Stored dataset items

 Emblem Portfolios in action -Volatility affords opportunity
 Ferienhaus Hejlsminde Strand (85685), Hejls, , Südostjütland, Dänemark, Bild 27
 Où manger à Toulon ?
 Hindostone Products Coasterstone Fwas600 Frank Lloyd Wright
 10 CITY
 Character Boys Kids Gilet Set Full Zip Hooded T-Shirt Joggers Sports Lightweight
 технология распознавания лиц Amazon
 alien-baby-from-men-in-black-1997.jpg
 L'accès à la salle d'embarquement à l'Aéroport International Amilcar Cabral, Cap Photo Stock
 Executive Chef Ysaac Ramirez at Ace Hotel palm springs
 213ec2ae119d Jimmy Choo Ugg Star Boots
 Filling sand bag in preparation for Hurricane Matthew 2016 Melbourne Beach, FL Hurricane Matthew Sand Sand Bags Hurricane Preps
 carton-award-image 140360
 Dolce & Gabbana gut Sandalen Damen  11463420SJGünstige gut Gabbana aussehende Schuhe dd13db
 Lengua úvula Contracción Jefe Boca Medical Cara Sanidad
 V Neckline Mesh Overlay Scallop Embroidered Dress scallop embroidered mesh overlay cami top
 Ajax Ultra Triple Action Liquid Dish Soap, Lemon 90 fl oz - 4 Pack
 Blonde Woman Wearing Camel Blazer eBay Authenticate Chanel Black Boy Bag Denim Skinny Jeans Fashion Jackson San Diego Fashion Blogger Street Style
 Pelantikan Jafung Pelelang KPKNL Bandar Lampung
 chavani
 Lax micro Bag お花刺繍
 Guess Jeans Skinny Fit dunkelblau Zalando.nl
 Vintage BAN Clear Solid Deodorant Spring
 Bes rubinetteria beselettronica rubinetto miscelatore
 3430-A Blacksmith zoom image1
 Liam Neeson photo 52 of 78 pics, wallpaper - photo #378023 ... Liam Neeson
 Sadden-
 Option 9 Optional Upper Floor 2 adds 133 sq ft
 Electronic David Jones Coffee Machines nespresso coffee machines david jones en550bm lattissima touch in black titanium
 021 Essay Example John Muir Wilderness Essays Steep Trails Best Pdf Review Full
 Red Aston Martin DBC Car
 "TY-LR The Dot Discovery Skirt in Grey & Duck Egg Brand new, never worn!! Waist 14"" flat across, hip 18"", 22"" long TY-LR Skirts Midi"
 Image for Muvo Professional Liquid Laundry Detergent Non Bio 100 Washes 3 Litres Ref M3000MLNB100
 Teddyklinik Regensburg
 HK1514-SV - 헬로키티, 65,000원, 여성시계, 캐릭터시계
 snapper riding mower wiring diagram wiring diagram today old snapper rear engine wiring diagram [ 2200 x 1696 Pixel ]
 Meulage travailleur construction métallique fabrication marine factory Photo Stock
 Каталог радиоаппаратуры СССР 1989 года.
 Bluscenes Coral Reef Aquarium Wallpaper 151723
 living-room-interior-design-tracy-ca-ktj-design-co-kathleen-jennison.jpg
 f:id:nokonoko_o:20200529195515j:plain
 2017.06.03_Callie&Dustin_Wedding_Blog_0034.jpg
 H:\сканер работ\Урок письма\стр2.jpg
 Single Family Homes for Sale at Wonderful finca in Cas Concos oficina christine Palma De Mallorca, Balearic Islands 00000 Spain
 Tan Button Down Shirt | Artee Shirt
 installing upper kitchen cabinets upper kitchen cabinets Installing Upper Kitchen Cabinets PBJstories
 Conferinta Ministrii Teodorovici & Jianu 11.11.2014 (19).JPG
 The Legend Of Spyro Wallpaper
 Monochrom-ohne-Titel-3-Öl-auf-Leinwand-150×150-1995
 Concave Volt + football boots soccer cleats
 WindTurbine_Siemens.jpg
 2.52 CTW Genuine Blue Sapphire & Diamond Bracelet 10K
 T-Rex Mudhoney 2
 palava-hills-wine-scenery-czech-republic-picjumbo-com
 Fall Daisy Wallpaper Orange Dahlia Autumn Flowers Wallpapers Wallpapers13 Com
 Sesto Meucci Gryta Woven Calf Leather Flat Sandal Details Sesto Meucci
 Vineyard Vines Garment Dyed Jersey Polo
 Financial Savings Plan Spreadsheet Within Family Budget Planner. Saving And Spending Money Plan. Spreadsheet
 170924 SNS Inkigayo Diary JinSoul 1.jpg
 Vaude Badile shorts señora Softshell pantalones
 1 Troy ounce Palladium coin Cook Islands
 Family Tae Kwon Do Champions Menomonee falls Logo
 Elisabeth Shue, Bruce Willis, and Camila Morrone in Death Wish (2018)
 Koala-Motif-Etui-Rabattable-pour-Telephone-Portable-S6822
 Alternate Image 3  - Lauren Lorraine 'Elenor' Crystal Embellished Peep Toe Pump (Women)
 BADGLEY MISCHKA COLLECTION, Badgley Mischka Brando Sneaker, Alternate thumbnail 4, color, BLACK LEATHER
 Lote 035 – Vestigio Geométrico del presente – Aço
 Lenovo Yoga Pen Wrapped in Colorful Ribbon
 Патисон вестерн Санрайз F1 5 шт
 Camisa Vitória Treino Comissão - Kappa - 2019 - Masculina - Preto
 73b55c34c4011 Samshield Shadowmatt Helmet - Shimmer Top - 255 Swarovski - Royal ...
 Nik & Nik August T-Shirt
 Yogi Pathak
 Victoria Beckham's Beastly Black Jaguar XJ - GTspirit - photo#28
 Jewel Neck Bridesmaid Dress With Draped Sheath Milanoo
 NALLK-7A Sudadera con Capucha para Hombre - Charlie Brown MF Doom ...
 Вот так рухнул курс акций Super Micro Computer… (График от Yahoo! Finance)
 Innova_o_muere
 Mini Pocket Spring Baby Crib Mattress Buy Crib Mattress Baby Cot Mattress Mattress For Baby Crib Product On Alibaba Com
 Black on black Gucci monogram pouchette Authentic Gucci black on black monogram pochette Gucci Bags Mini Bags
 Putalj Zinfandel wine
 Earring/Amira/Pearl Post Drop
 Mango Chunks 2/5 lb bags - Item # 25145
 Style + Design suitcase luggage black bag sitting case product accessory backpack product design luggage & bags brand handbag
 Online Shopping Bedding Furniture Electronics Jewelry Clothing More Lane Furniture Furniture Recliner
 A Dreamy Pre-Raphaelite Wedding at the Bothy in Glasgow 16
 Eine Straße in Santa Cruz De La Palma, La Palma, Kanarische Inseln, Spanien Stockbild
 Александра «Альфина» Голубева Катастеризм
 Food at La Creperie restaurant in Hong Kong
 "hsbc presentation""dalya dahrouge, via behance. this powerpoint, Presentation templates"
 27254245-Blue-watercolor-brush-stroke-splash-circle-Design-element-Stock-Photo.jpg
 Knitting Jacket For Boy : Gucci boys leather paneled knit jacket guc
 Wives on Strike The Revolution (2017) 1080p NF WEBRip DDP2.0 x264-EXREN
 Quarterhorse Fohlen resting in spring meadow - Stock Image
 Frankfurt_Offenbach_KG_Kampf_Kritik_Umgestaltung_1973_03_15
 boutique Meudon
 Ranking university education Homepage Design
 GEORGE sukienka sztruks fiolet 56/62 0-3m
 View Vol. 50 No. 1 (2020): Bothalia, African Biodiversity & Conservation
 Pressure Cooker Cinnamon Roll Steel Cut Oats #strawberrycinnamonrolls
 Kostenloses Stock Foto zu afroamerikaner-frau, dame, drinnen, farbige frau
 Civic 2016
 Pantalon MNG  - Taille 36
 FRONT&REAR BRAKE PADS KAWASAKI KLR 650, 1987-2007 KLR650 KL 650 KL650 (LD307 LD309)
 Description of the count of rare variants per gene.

* _EXERCISE BRIEF_
Transcribe the data above so that every line matches exactly.

* _RESPONSE TO THE EXERCISE_
 Emblem Portfolios in action -Volatility affords opportunity
 Ferienhaus Hejlsminde Strand (85685), Hejls, , Südostjütland, Dänemark, Bild 27
 Où manger à Toulon ?
 Hindostone Products Coasterstone Fwas600 Frank Lloyd Wright
 10 CITY
 Character Boys Kids Gilet Set Full Zip Hooded T-Shirt Joggers Sports Lightweight
 технология распознавания лиц Amazon
 alien-baby-from-men-in-black-1997.jpg
 L'accès à la salle d'embarquement à l'Aéroport International Amilcar Cabral, Cap Photo Stock
 Executive Chef Ysaac Ramirez at Ace Hotel palm springs
 213ec2ae119d Jimmy Choo Ugg Star Boots
 Filling sand bag in preparation for Hurricane Matthew 2016 Melbourne Beach, FL Hurricane Matthew Sand Sand Bags Hurricane Preps
 carton-award-image 140360
 Dolce & Gabbana gut Sandalen Damen  11463420SJGünstige gut Gabbana aussehende Schuhe dd13db
 Lengua úvula Contracción Jefe Boca Medical Cara Sanidad
 V Neckline Mesh Overlay Scallop Embroidered Dress scallop embroidered mesh overlay cami top
 Ajax Ultra Triple Action Liquid Dish Soap, Lemon 90 fl oz - 4 Pack
 Blonde Woman Wearing Camel Blazer eBay Authenticate Chanel Black Boy Bag Denim Skinny Jeans Fashion Jackson San Diego Fashion Blogger Street Style
 Pelantikan Jafung Pelelang KPKNL Bandar Lampung
 chavani
 Lax micro Bag お花刺繍
 Guess Jeans Skinny Fit dunkelblau Zalando.nl
 Vintage BAN Clear Solid Deodorant Spring
 Bes rubinetteria beselettronica rubinetto miscelatore
 3430-A Blacksmith zoom image1
 Liam Neeson photo 52 of 78 pics, wallpaper - photo #378023 ... Liam Neeson
 Sadden-
 Option 9 Optional Upper Floor 2 adds 133 sq ft
 Electronic David Jones Coffee Machines nespresso coffee machines david jones en550bm lattissima touch in black titanium
 021 Essay Example John Muir Wilderness Essays Steep Trails Best Pdf Review Full
 Red Aston Martin DBC Car
 "TY-LR The Dot Discovery Skirt in Grey & Duck Egg Brand new, never worn!! Waist 14"" flat across, hip 18"", 22"" long TY-LR Skirts Midi"
 Image for Muvo Professional Liquid Laundry Detergent Non Bio 100 Washes 3 Litres Ref M3000MLNB100
 Teddyklinik Regensburg
 HK1514-SV - 헬로키티, 65,000원, 여성시계, 캐릭터시계
 snapper riding mower wiring diagram wiring diagram today old snapper rear engine wiring diagram [ 2200 x 1696 Pixel ]
 Meulage travailleur construction métallique fabrication marine factory Photo Stock
 Каталог радиоаппаратуры СССР 1989 года.
 Bluscenes Coral Reef Aquarium Wallpaper 151723
 living-room-interior-design-tracy-ca-ktj-design-co-kathleen-jennison.jpg
 f:id:nokonoko_o:20200529195515j:plain
 2017.06.03_Callie&Dustin_Wedding_Blog_0034.jpg
 H:\сканер работ\Урок письма\стр2.jpg
 Single Family Homes for Sale at Wonderful finca in Cas Concos oficina christine Palma De Mallorca, Balearic Islands 00000 Spain
 Tan Button Down Shirt | Artee Shirt
 installing upper kitchen cabinets upper kitchen cabinets Installing Upper Kitchen Cabinets PBJstories
 Conferinta Ministrii Teodorovici & Jianu 11.11.2014 (19).JPG
 The Legend Of Spyro Wallpaper
 Monochrom-ohne-Titel-3-Öl-auf-Leinwand-150×150-1995
 Concave Volt + football boots soccer cleats
 WindTurbine_Siemens.jpg
 2.52 CTW Genuine Blue Sapphire & Diamond Bracelet 10K
 T-Rex Mudhoney 2
 palava-hills-wine-scenery-czech-republic-picjumbo-com
 Fall Daisy Wallpaper Orange Dahlia Autumn Flowers Wallpapers Wallpapers13 Com
 Sesto Meucci Gryta Woven Calf Leather Flat Sandal Details Sesto Meucci
 Vineyard Vines Garment Dyed Jersey Polo
 Financial Savings Plan Spreadsheet Within Family Budget Planner. Saving And Spending Money Plan. Spreadsheet
 170924 SNS Inkigayo Diary JinSoul 1.jpg
 Vaude Badile shorts señora Softshell pantalones
 1 Troy ounce Palladium coin Cook Islands
 Family Tae Kwon Do Champions Menomonee falls Logo
 Elisabeth Shue, Bruce Willis, and Camila Morrone in Death Wish (2018)
 Koala-Motif-Etui-Rabattable-pour-Telephone-Portable-S6822
 Alternate Image 3  - Lauren Lorraine 'Elenor' Crystal Embellished Peep Toe Pump (Women)
 BADGLEY MISCHKA COLLECTION, Badgley Mischka Brando Sneaker, Alternate thumbnail 4, color, BLACK LEATHER
 Lote 035 – Vestigio Geométrico del presente – Aço
 Lenovo Yoga Pen Wrapped in Colorful Ribbon
 Патисон вестерн Санрайз F1 5 шт
 Camisa Vitória Treino Comissão - Kappa - 2019 - Masculina - Preto
 73b55c34c4011 Samshield Shadowmatt Helmet - Shimmer Top - 255 Swarovski - Royal ...
 Nik & Nik August T-Shirt
 Yogi Pathak
 Victoria Beckham's Beastly Black Jaguar XJ - GTspirit - photo#28
 Jewel Neck Bridesmaid Dress With Draped Sheath Milanoo
 NALLK-7A Sudadera con Capucha para Hombre - Charlie Brown MF Doom ...
 Вот так рухнул курс акций Super Micro Computer… (График от Yahoo! Finance)
 Innova_o_muere
 Mini Pocket Spring Baby Crib Mattress Buy Crib Mattress Baby Cot Mattress Mattress For Baby Crib Product On Alibaba Com
 Black on black Gucci monogram pouchette Authentic Gucci black on black monogram pochette Gucci Bags Mini Bags
 Putalj Zinfandel wine
 Earring/Amira/Pearl Post Drop
 Mango Chunks 2/5 lb bags - Item # 25145
 Style + Design suitcase luggage black bag sitting case product accessory backpack product design luggage & bags brand handbag
 Online Shopping Bedding Furniture Electronics Jewelry Clothing More Lane Furniture Furniture Recliner
 A Dreamy Pre-Raphaelite Wedding at the Bothy in Glasgow 16
 Eine Straße in Santa Cruz De La Palma, La Palma, Kanarische Inseln, Spanien Stockbild
 Александра «Альфина» Голубева Катастеризм
 Food at La Creperie restaurant in Hong Kong
 "hsbc presentation""dalya dahrouge, via behance. this powerpoint, Presentation templates"
 27254245-Blue-watercolor-brush-stroke-splash-circle-Design-element-Stock-Photo.jpg
 Knitting Jacket For Boy : Gucci boys leather paneled knit jacket guc
 Wives on Strike The Revolution (2017) 1080p NF WEBRip DDP2.0 x264-EXREN
 Quarterhorse Fohlen resting in spring meadow - Stock Image
 Frankfurt_Offenbach_KG_Kampf_Kritik_Umgestaltung_1973_03_15
 boutique Meudon
 Ranking university education Homepage Design
 GEORGE sukienka sztruks fiolet 56/62 0-3m
 View Vol. 50 No. 1 (2020): Bothalia, African Biodiversity & Conservation
 Pressure Cooker Cinnamon Roll Steel Cut Oats #strawberrycinnamonrolls
 Kostenloses Stock Foto zu afroamerikaner-frau, dame, drinnen, farbige frau
 Civic 2016
 Pantalon MNG  - Taille 36
 FRONT&REAR BRAKE PADS KAWASAKI KLR 650, 1987-2007 KLR650 KL 650 KL650 (LD307 LD309)
 Description of the count of rare variants per gene.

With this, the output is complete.